Conference Days: Der richtige Weg für eine faire und nachhaltige Lieferkette

Was kommt mit dem neuen Lieferkettengesetz konkret auf Unternehmen zu? Diese und weitere Fragen standen im Fokus der Veranstaltung.

Das Lieferkettengesetz – darüber diskutierten Experten zusammen mit LOGISTIK HEUTE-Redakteurin Therese Meitinger. (Symbolbild: Thevisualsyouneed / AdobeStock)
Das Lieferkettengesetz – darüber diskutierten Experten zusammen mit LOGISTIK HEUTE-Redakteurin Therese Meitinger. (Symbolbild: Thevisualsyouneed / AdobeStock)
Melanie Endres

Den Pros und Contras des geplanten Lieferkettengesetzes des Bundes gingen die Diskussionsteilnehmer in der Veranstaltung „Lieferkettengesetz: Der richtige Weg für faire und nachhaltige Supply Chains?“ am Mittwoch, den 28. April, nach. Moderiert wurde die Veranstaltung, die im Rahmen der vom HUSS-VERLAG initiierten Conference Days 2021 stattfand, von LOGISTIK HEUTE-Redakteurin Therese Meitinger. Der allgemeine Tenor der Runde:

„Das Lieferkettengesetz ist nicht perfekt, es schafft bei Unternehmen aber eine gewisse Klarheit“, erklärte Markus Löning, Managing Director & Senior Strategy Advisor bei Löning – Human Rights & Responsible Business, in der Diskussion.

Das Lieferkettengesetz

Welche Mechanismen liegen dem geplanten Gesetz zugrunde?

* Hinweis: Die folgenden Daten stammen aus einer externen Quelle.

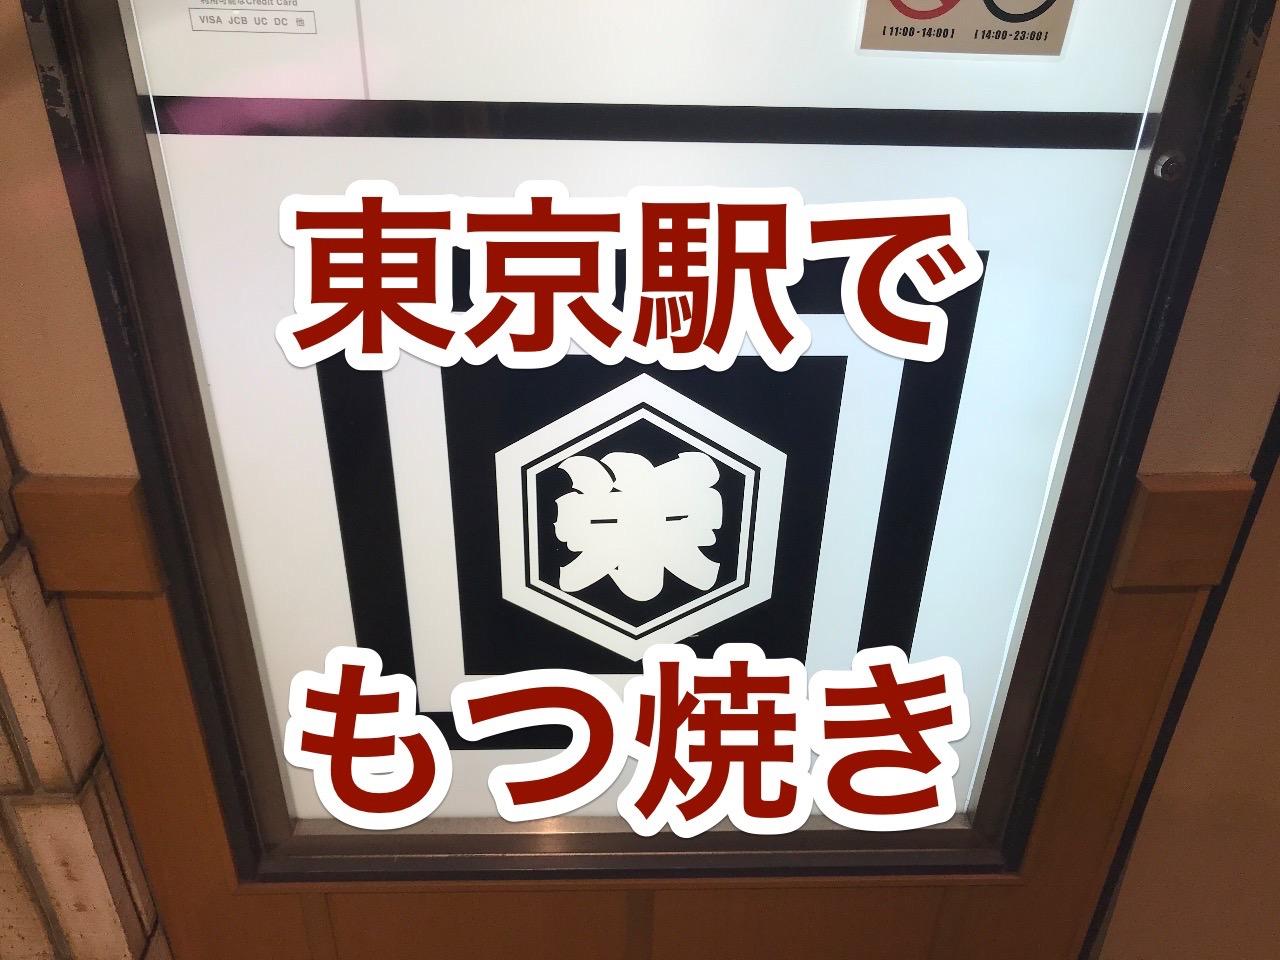 もつ焼き 栄司 東京駅

Was spricht für, was gegen ein Lieferkettengesetz? Wie verhält sich eine deutsche Regelung zu anderen nationalen Gesetzen – und einem gesamteuropäischen Ansatz? Und worauf müssen Betroffene jetzt achten? Darüber diskutierten mit Meitinger und Löning Julia Thimm, Head of Human Rights bei Tchibo, Anosha Wahidi, Beauftragte für Nachhaltigkeitsstandards beim Bundesministerium für wirtschaftliche Zusammenarbeit und Entwicklung (BMZ), und Berthold Welling, Geschäftsführer und Abteilungsleiter Recht und Steuern, Nachhaltigkeit beim Verband der Chemischen Industrie (VCI).

Luft nach oben

Dass Nachhaltigkeit ein Thema der Zukunft ist, eine nachhaltige Supply Chain aber nicht nur auf unternehmerischer Freiwilligkeit basieren kann, diese Meinung teilten in der Runde viele.

„Wir sehen, dass Freiwilligkeit nicht reicht“, erklärte Thimm. Und was ihr besonders am Herzen liegt: „Die, die etwas tun, dürfen daraus keinen Nachteil ziehen!“

Vielmehr brauche es ein Level Playing Field, also gleiche Bedingungen für alle Marktteilnehmer.

Das Thema Lieferkettengesetz muss politisch ein anderes Gewicht haben“, so Löning.

„Es war ein richtiger Schritt,

zeigte sich Wahidi mit Blick auf den Referentenentwurf des Gesetzes überzeugt. Der Entwurf, den Wahidi BMZ-seitig mitbetreute, wurde am 22. April zum ersten Mal im Bundestag diskutiert. Zwei weitere Lesungen sollen vor seiner Verabschiedung folgen.

Berthold Welling hingegen kritisierte, die engen Fristen im legislativen Prozess ließen wenig Freiraum, um Praxiswissen aus den unterschiedlichen Branchen einzubringen. Schließlich widmeten sich auch viele Brancheninitiativen dem Thema faire Lieferketten - der VCI etwa in den Initiativen „tfs - together for sustainability“ und „PSCI - pharmaceutical supply chain initiative“.